Un western contemporain
Quel film! Quelle série d’inattendus ! Une amie confia avoir trouvé le début du film lent. Quand j’y repense, c’est ainsi que commencent les westerns, dans ma mémoire d’enfant : ce décor installé, assez hostile, qui donne peu d’espoir; le personnage principal qui est introduit avec d’autres qu’on ne reverra pas, mais qui disent quelque chose du contexte. Ici, on comprend que la police n’est pas la police, et que c’est le carnaval.
Parlons-en de ce carnaval. Ce personnage désincarné, allégorie parcourant tout le film, qui sert tour à tour de réunion collective où tout le monde est à égalité, et qui sert non seulement de cachette pour ceux qui devraient fuir, mais aussi pour les actes moins glorieux. Les gros titres le diront d’ailleurs :91 morts en deux jours de carnaval.
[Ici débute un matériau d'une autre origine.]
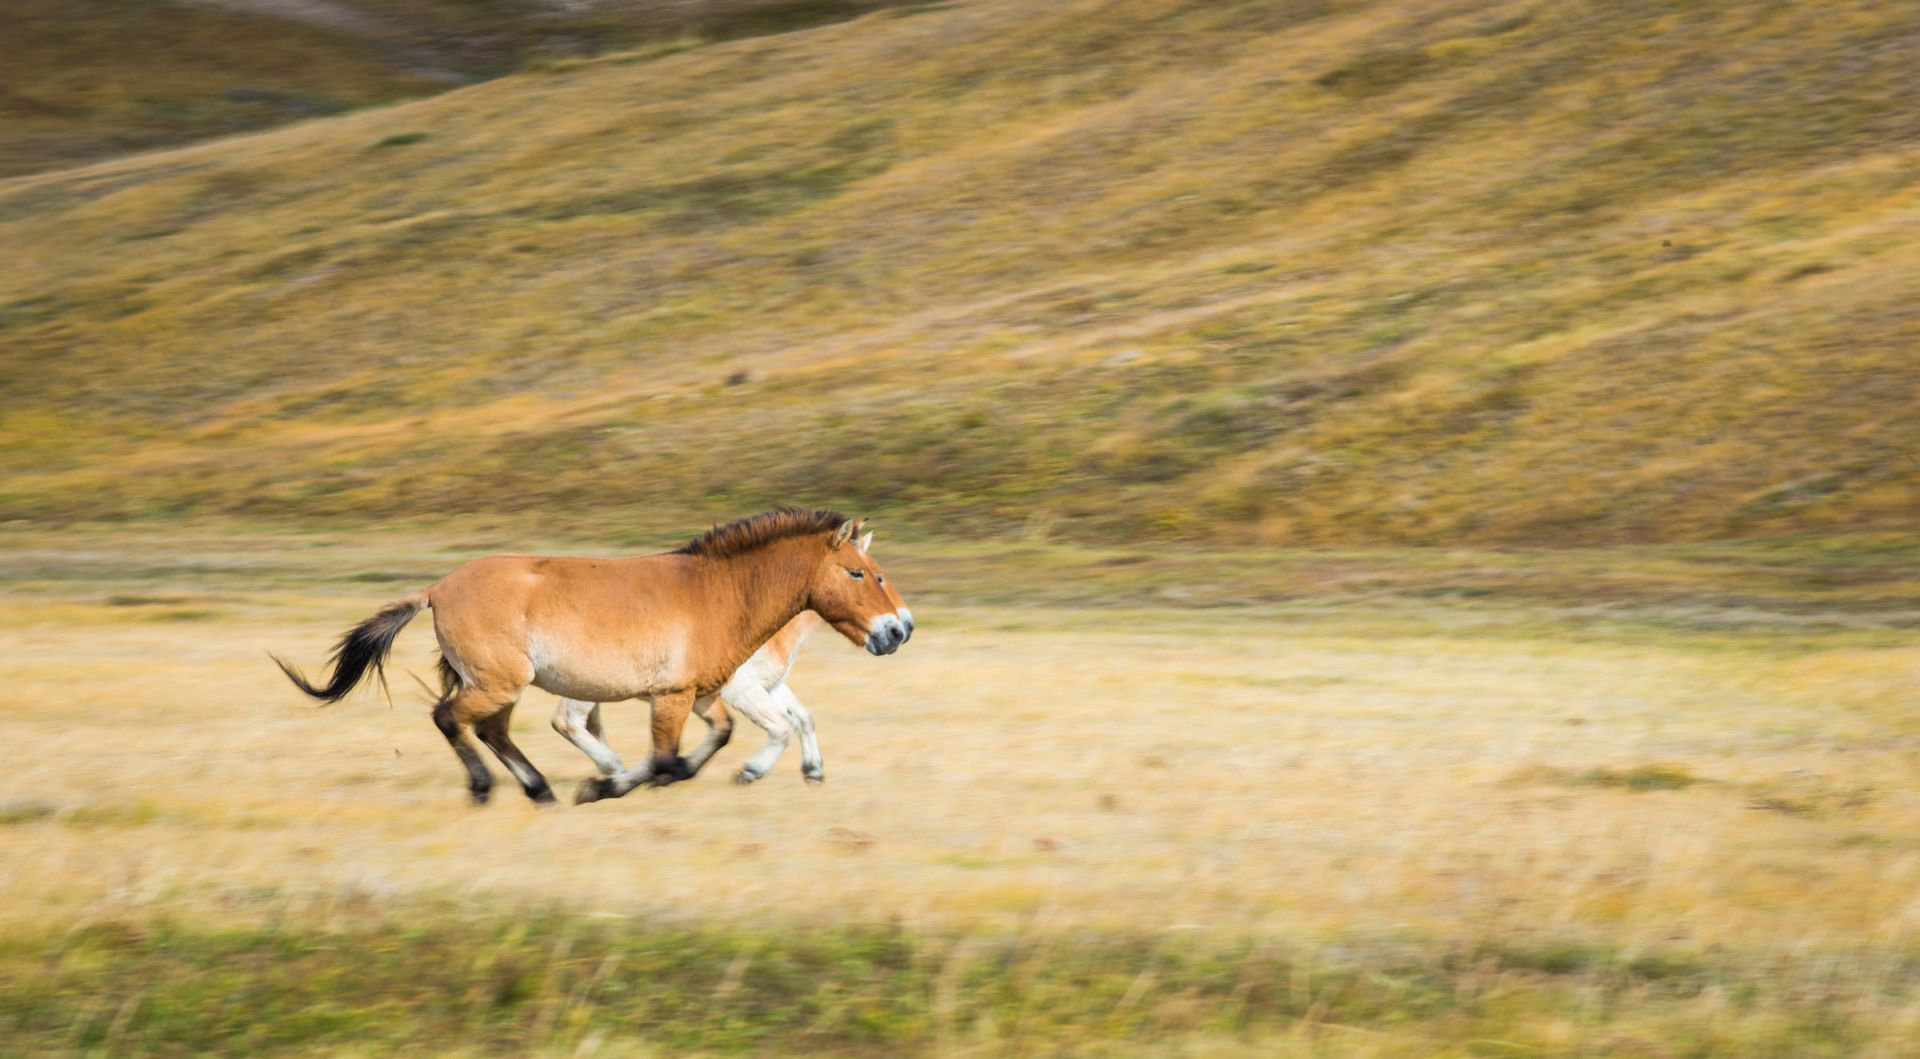 Top places to visit in Mongolia: Hustai National Park with its wild horses

Plus on fait du bruit, et moins on sait ce qui se passe vraiment (ça me rappelle un certain gouvernement).Ce carnaval où des figures apparemment simples ou innocentes deviennent oiseaux de mauvais augure.
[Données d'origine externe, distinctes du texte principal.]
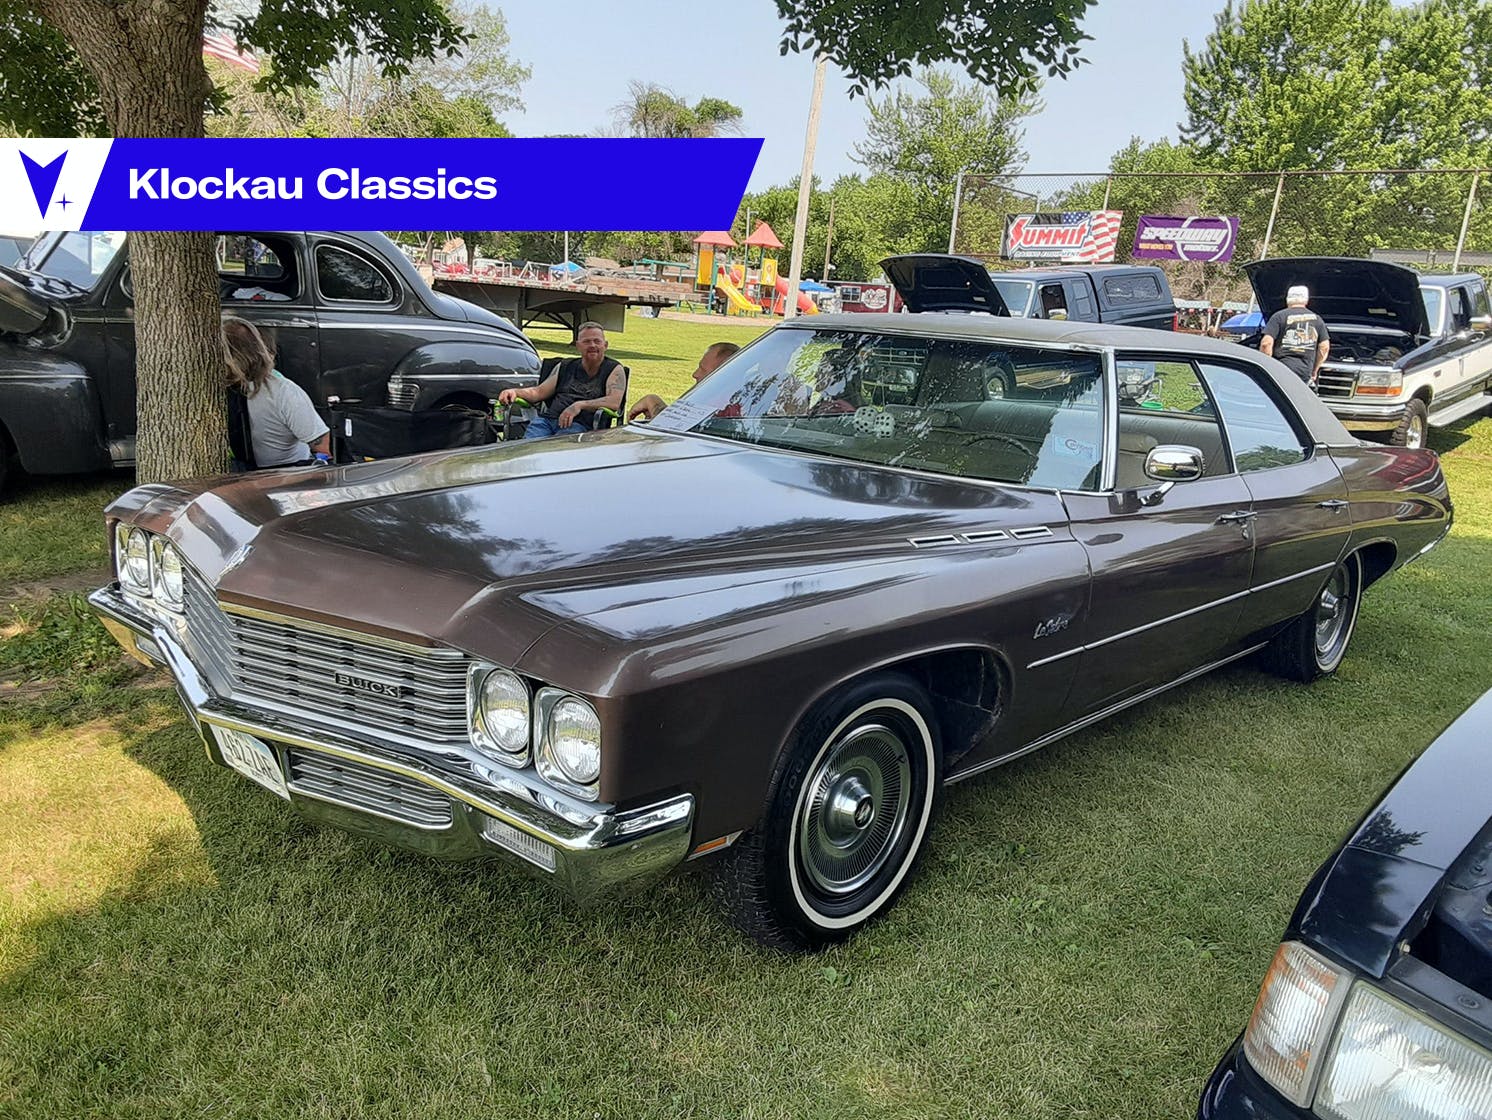 1971 Buick LeSabre: Upper middle class, '71-style - Hagerty Media

La présence du magique et des rites de manière plus générale nous ancre dans cette culture brasilo-caribéenne. Le coiffeur qui place une bougie à la tête et aux pieds d’un homme abattu de sang-froid dans son salon, même sans le connaître; la logeuse qui a pris la précaution de mettre à disposition sel, romarin pour son nouveau résident. Un magique qui devient fantastique quand une jambe échappée de sa tombe maritime sème la terreur dans un parc où, Carnaval, oblige, la copulation va bon train. Si certains resteront interloqués devant ce membre marchant, d’autres pourront y voir la métaphore de la vérité qui finit toujours par se savoir. Si la vérité prend l’escalier, là, elle a couru hors de l’eau. Ce dommage collatéral qui ouvre le film trouve ainsi son issue. Mais si certaines vérités sont révélées, elles restent peut-être trop rares, et elles n’empêchent pas que le mal sévisse. C’est l’absence de manichéisme de ce film.
Et cet hôtel, cette résidence où s’agglutinent réfugiés divers ayant en commun la fuite. On y passe, en espérant ne pas s’y éterniser, sécurité relative car on est toujours rattrapé par ses craintes. Elles dorment avec nous, le soir, et alimentent nos cauchemars. Un appart, une histoire, mais dans la salle commune, tous identiques, tous liés par le souhait de s’en sortir.
Le besoin de lien, de se dire, si forts qu’on divulgue des informations sensibles, ou que des solitudes trouvent les corps d’autres solitudes.
Le tout servi par une bande originale entre western, vaudeville, musique traditionnelle et carnaval, entre divertissement mélangeant les codes et alerte encore et toujours nécessaire, L’Agent Secret ne laisse pas indifférent.